ABPPアプローチのパワーを実証します。 まず、このアプローチは、細胞増殖シグナル伝達の調節に機能することが示されたタンパク質中の酵素活性の同定を可能にした。 ABPPアプローチを使用することにより、天然基質を同定し、in vitroアッセイを確立する必要なしに、この酵素活性の調節のダイナミクスを監視することが 第二に、RBBP9の発現レベルは、酵素活性が腫瘍細胞増殖にこのタンパク質の機能的寄与を駆動することを示唆し、正常および癌組織の両方で同等であ したがって、現在のゲノムまたはプロテオーム法のいずれも、この標的を疾患の重要な調節因子として同定することができないであろう。もちろん、RBBP9の正確なメカニズム的役割についての多くの質問が残っています。

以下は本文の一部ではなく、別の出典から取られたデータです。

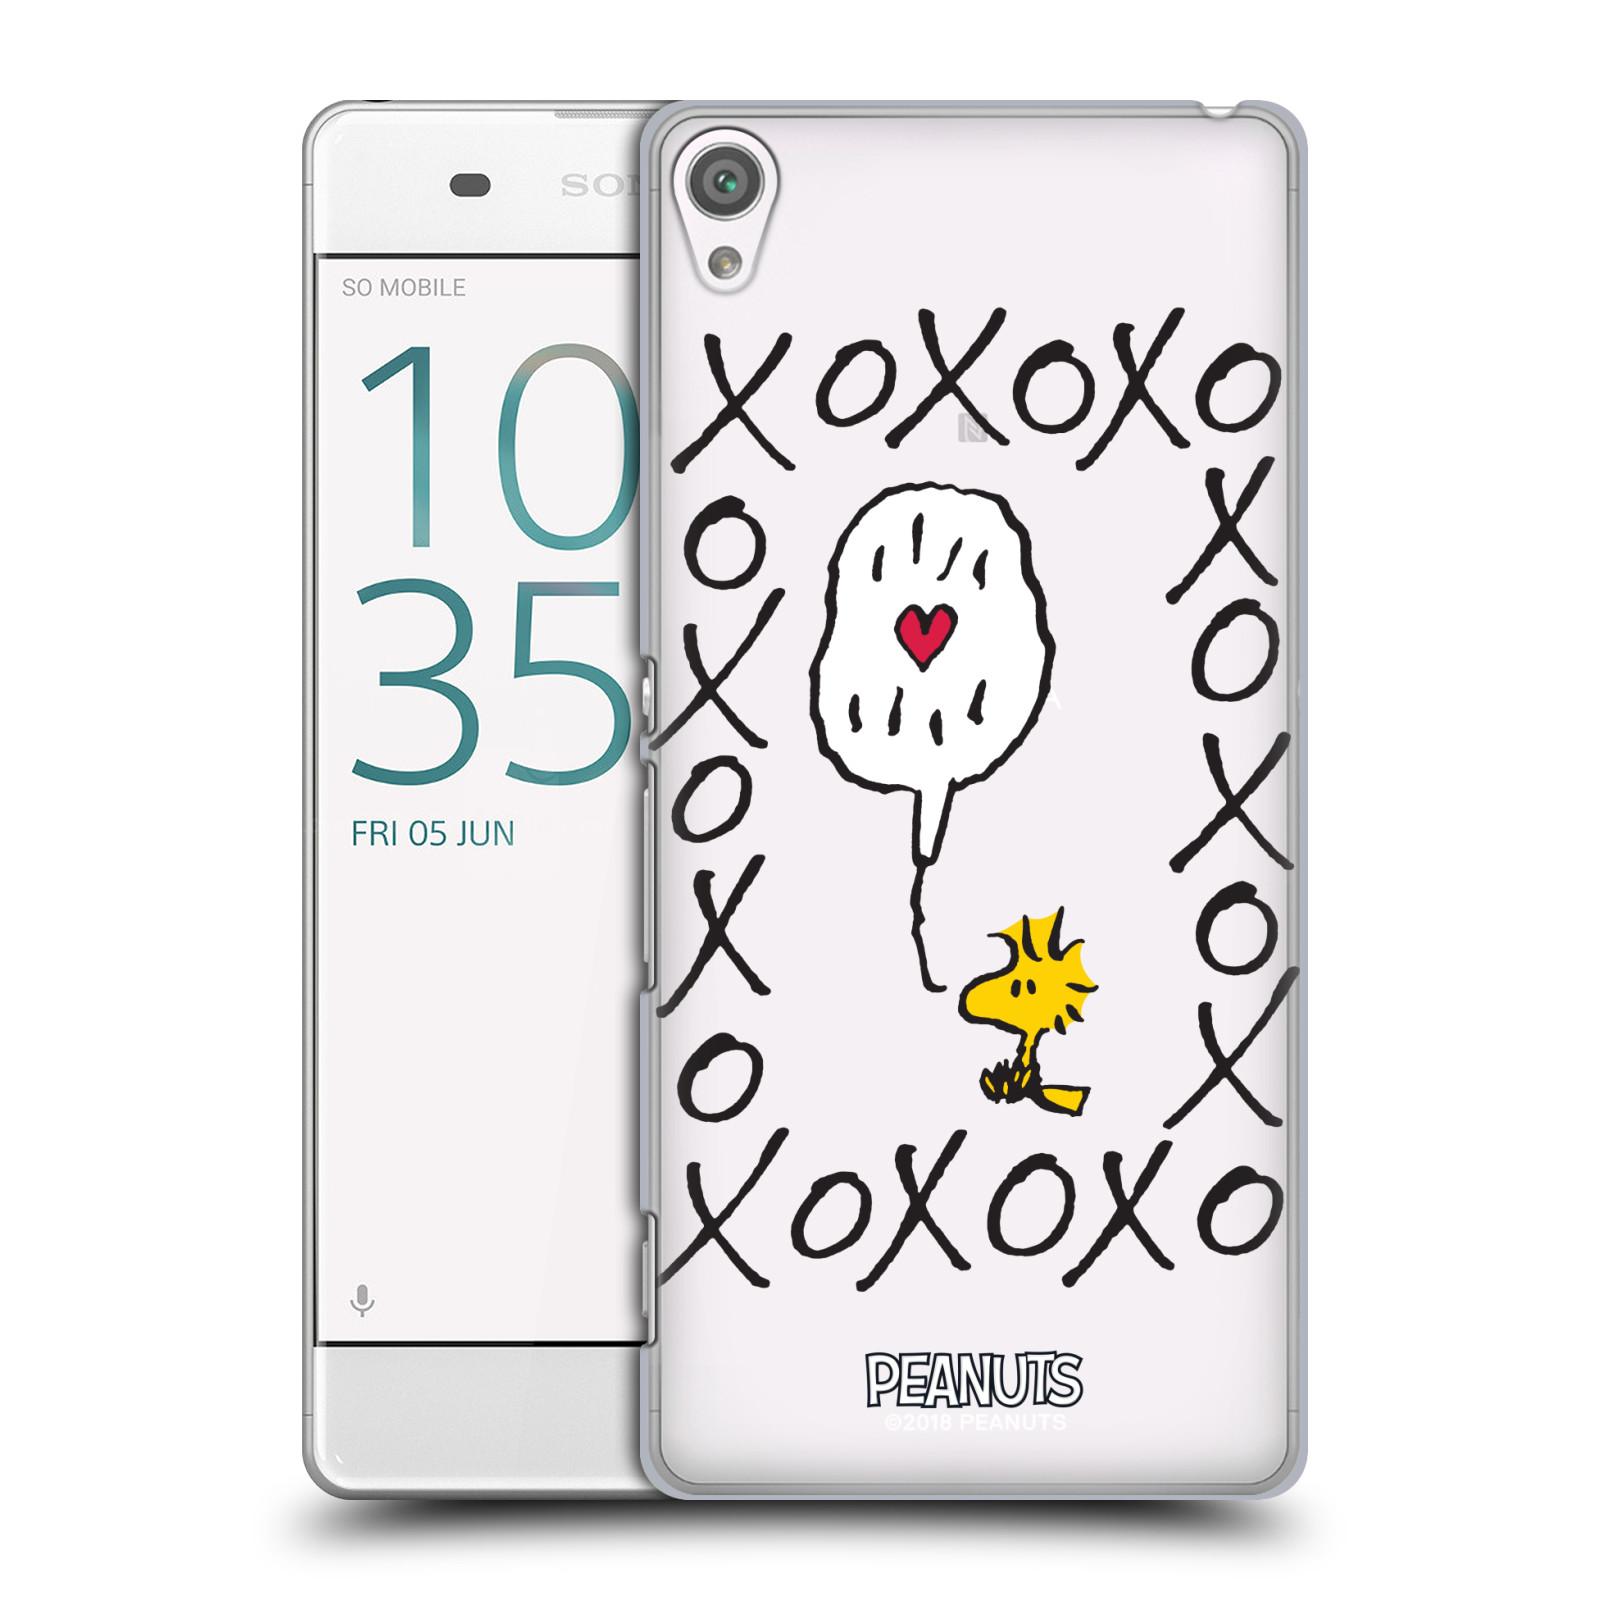 Pouzdro na mobil Sony Xperia XA Oficiální motiv Peanuts ptáček Woodstock srdíčko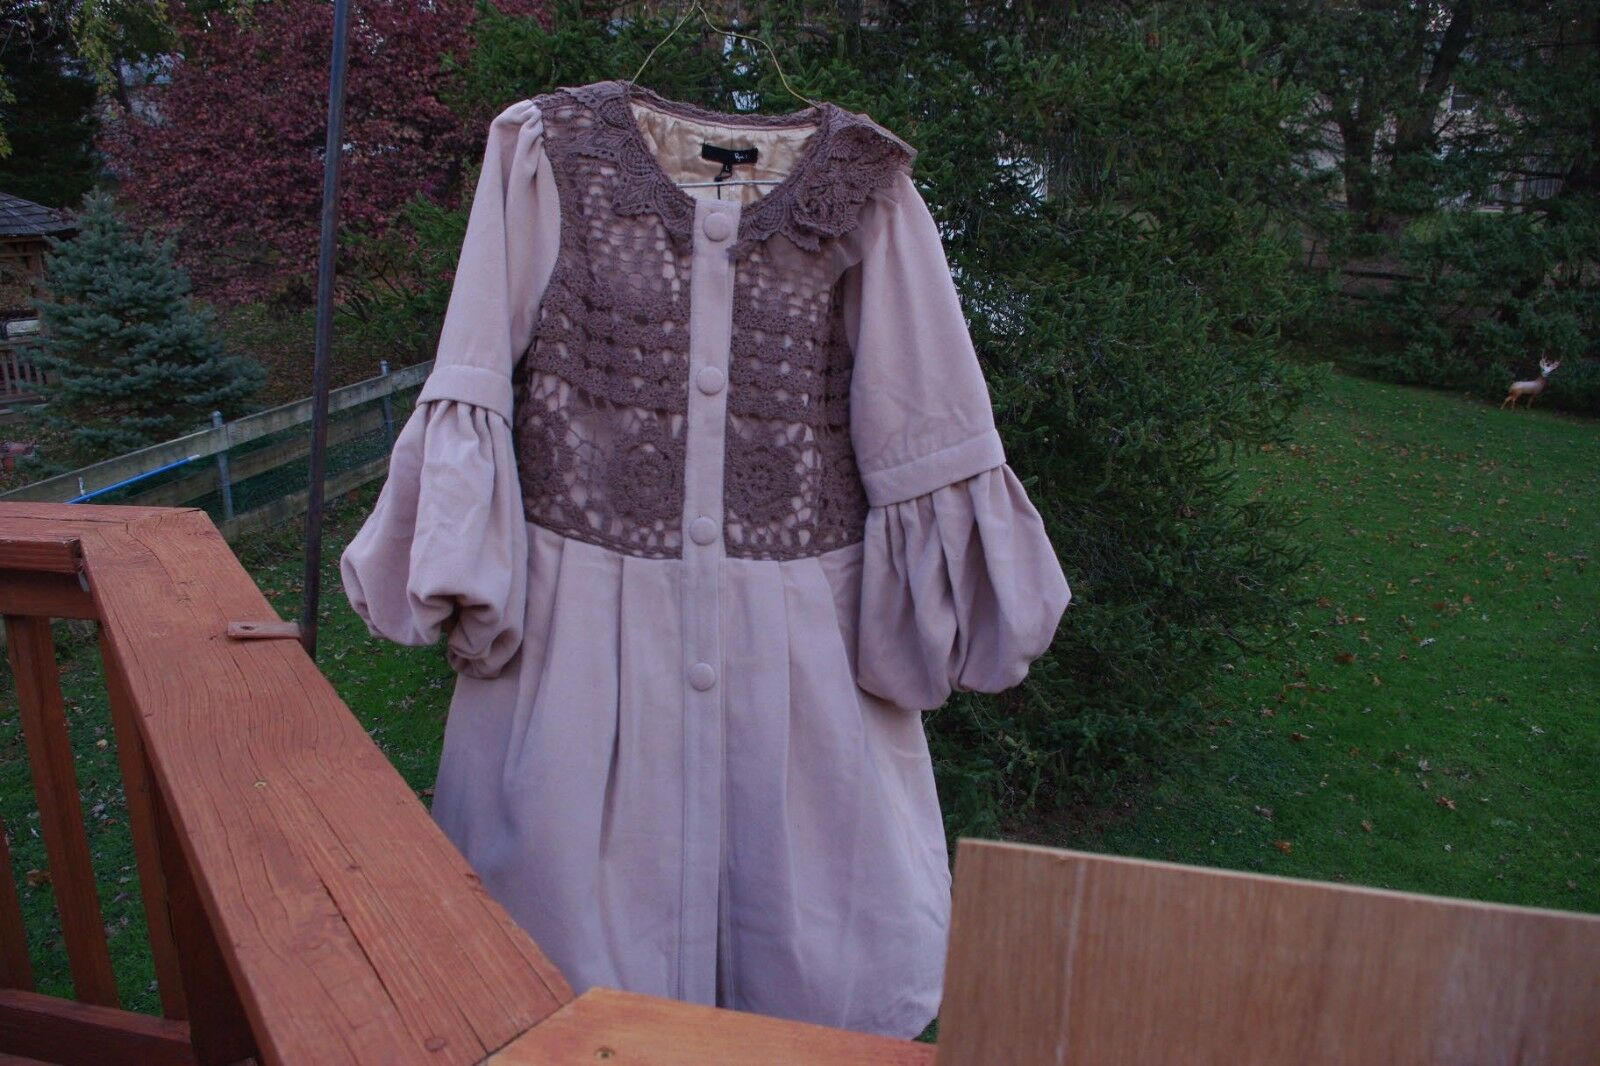 NWT RYU Coat Light Tan w  Brown Crochet Bodice & Collar 3 4 Puff Sleeves Large

もちろん、RBBP9の正確な機構的役割についての多くの質問が残 最も重要なのは、この酵素の天然基質は何ですか? 酵素は実際にその基質を加水分解するのですか? 基質加水分解の結果は何ですか? 基板処理はどのようにSmad2/3シグナル伝達の規制につながるのですか? RBBP9は、ヒト癌のより高度なマウスモデルを使用して潜在的に実行可能な薬物標的として検証することができるように、低分子によって容易に阻害 これらの質問に対する答えは、活動ベースのプローブの利用可能性のおかげで、最も確実に来るでしょう。